1. For each timestamp:
   a. Use Skill #194 (Cut Small Section From MP4 Video) to extract a 1-second clip at the timestamp
   b. Use Skill #202 (Extract Thumbnail Images Of MP4 Video) to get a clear frame
   c. Use Skill #191 (Resize Image) to ensure consistent image dimensions

F) SILOS:
Since we need to extract six different images, this naturally breaks into six parallel silos, each following the same pattern:

SILO 1 (Step 1 Image):
```
Input: MP4 URL + Timestamp 1
> #194 Cut video section (1 sec) at timestamp 1
> #202 Extract thumbnail (with prompt "extract clearest frame")
> #191 Resize to 1280x720
Output: step1_screenshot.png
```

SILO 2 (Step 2 Image):
```
Input: MP4 URL + Timestamp 2
> #194 Cut video section (1 sec) at timestamp 2
> #202 Extract thumbnail (with prompt "extract clearest frame")
> #191 Resize to 1280x720
Output: step2_screenshot.png
```

[SILOS 3-6 follow identical pattern]

Each silo operates independently but follows the same workflow, ensuring we get six consistently-sized, high-quality screenshots from the exact moments needed in the tutorial video.

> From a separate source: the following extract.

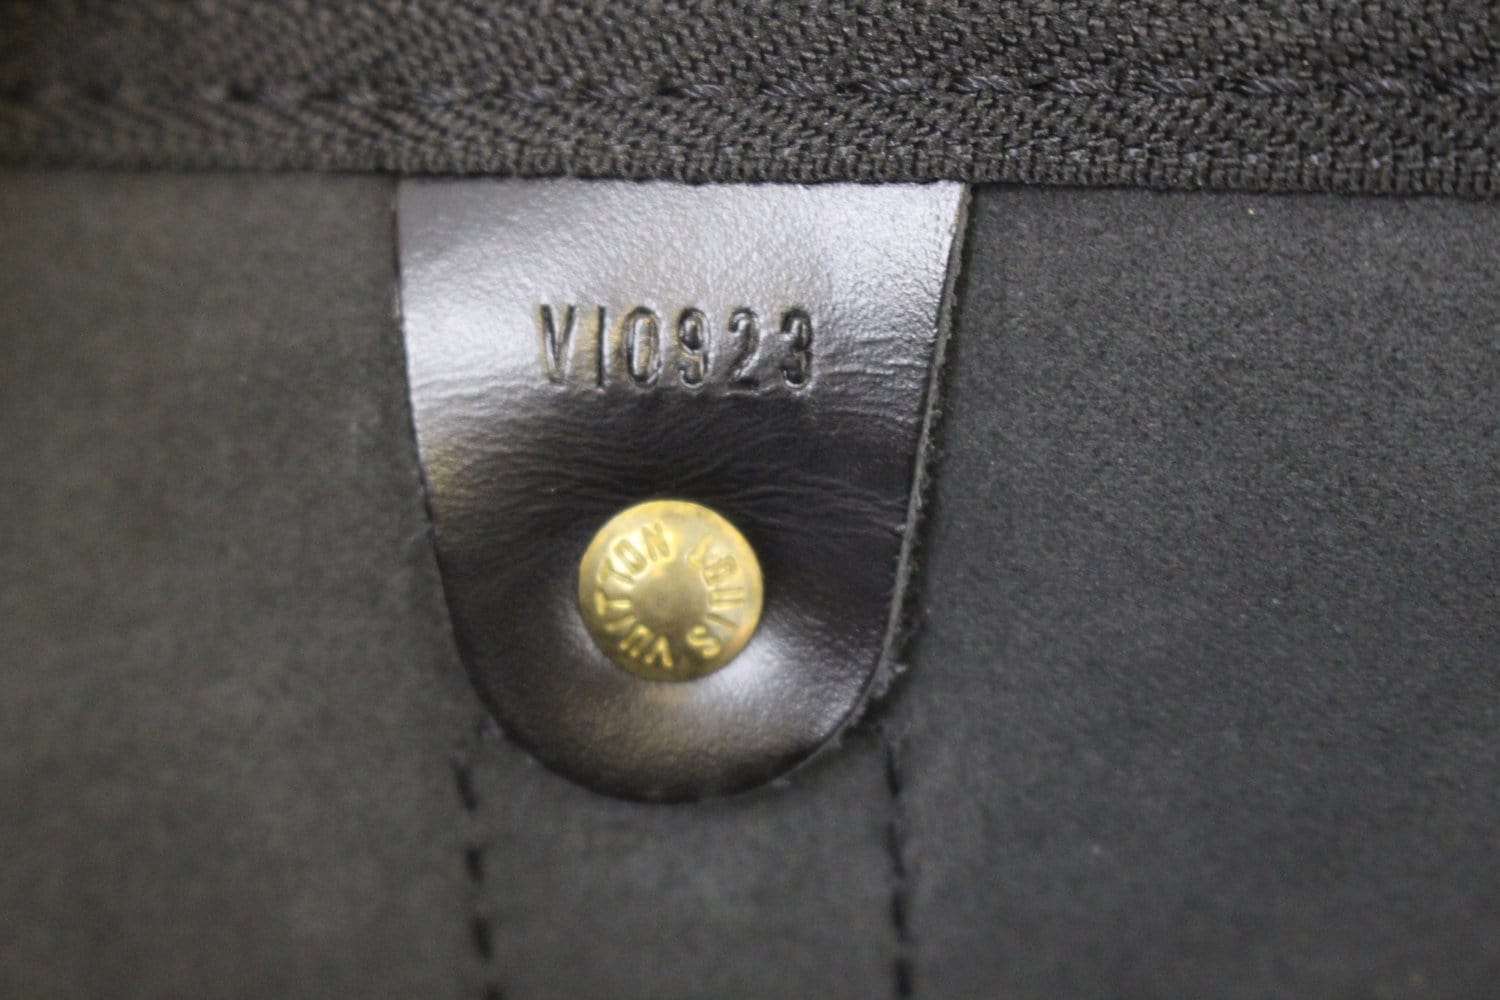 LOUIS VUITTON Boston bag M42941 Keepall 50 vintage Epi Leather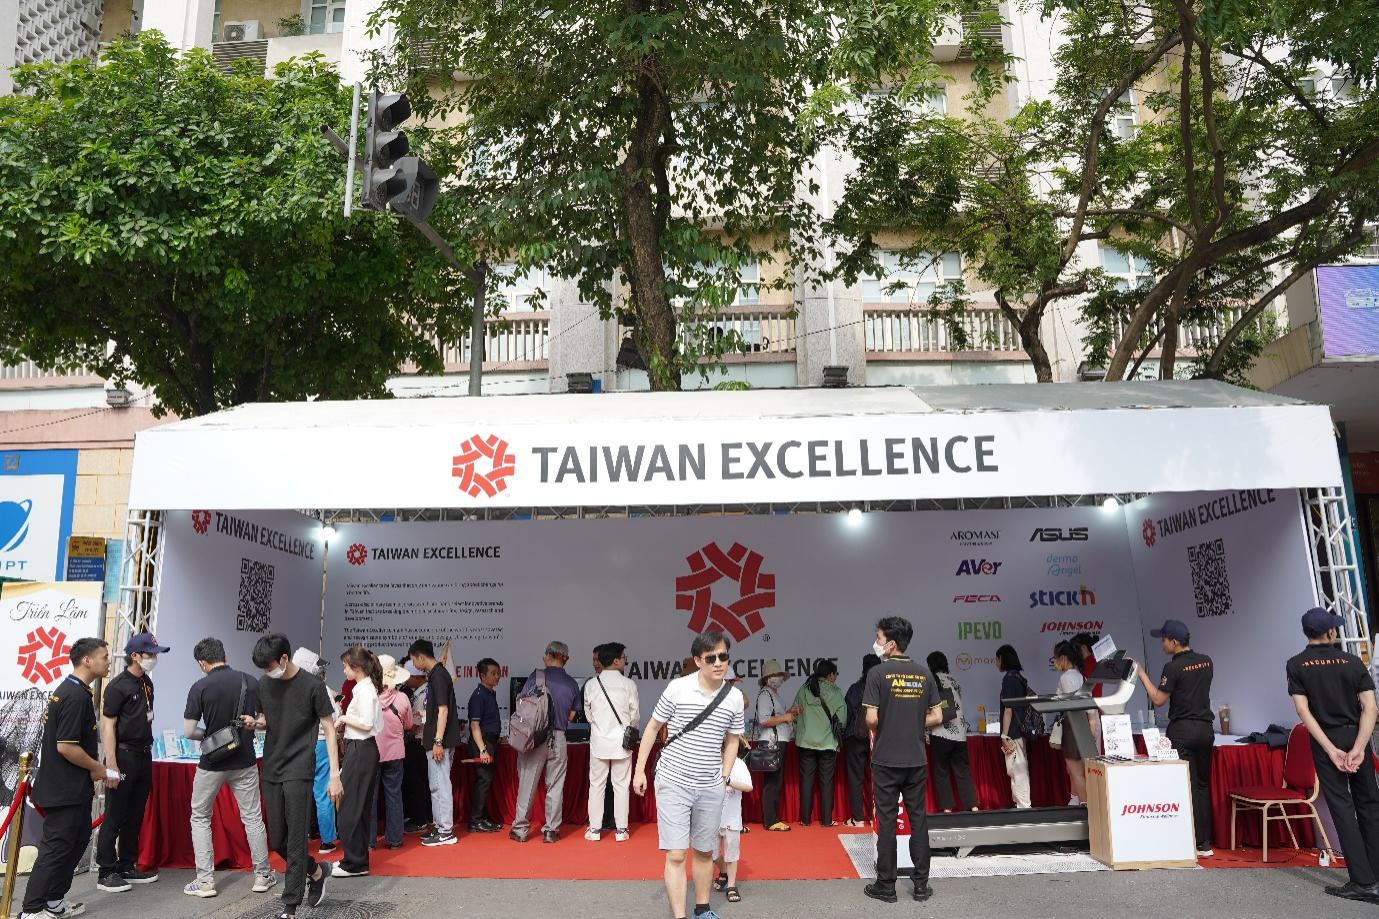 Triển lãm gian hàng Taiwan Excellence - Không gian trưng bày văn hóa, ẩm thực, công nghệ hiện đại, thu hút khách tham quan - 1

The image resizing at the end ensures all screenshots are uniform in dimensions for the final article layout.

Note: While it might seem inefficient to extract 1-second clips first, this approach gives us the most precise control over the exact frame we want to capture, as the thumbnail extraction can then pick the clearest frame from that precise moment.

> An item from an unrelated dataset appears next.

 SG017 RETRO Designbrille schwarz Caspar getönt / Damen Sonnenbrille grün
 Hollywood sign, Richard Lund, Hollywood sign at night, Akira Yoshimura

The final output will be six PNG files, all consistently sized, named systematically, and ready for the MarkdownComposer agent to embed them in the article.

SubAgent #3 - Diagram

Expand Flow

Let me break down this MarkdownComposer subagent in detail.

A) SUBAGENT SUMMARY:
A specialized composer that takes transcription data, step information, and image paths to generate a complete, formatted Markdown article with exactly six steps and embedded images.

B) FINAL TASK OUTPUT:
A single Markdown (.md) file containing:
- Introduction (100-200 words)
- 6 numbered steps
- 6 embedded image references in correct Markdown syntax
- Consistent formatting throughout
- Filename: "how_to_article.md"

C) SUBAGENT INPUT:
1. video_transcription_with_timestamps.txt (full transcription file)
2. selected_steps.json (containing 6 steps with timestamps)
3. Array of 6 image file paths (eg. ["images/step1.png", "images/step2.png", etc])

E) SUBAGENT TASK SUMMARY:
The workflow will use two main skills in sequence:

1. First Pass - Generate Article Structure:
```
Input: transcription + steps.json >
#223 (Powerful LLM) with prompt to structure article >
Output: Initial article draft
```

2. Second Pass - Format and Embed Images:
```
Input: Initial draft + image paths >
#190 (Write/rewrite text) with formatting instructions >
Output: Final markdown with proper image embedding
```

F) SILOS:
The subagent operates in two distinct silos:

SILO 1: CONTENT GENERATION
• Purpose: Create the article's textual content
• Skill: #223 (Powerful LLM)
• Input: 
  - video_transcription_with_timestamps.txt
  - selected_steps.json
• Prompt Instructions:
  - "Generate a how-to article with:
    1. Brief introduction explaining purpose
    2. Exactly 6 steps based on the provided JSON
    3. Each step should be 2-3 sentences
    4. Maintain consistent technical tone"
• Output: Raw article text

SILO 2: MARKDOWN FORMATTING
• Purpose: Format content with proper Markdown syntax
• Skill: #190 (Write/rewrite)
• Input:
  - Raw article text from Silo 1
  - Array of 6 image paths
• Prompt Instructions:
  - "Format the article in Markdown with:
    1. # for main title
    2. ## for each step
    3. Insert ![Step X](image_path) after each step heading
    4. Consistent spacing between sections"
• Output: Final how_to_article.md file

This approach separates content generation from formatting, ensuring clean, consistent output while maintaining proper Markdown syntax and image embedding.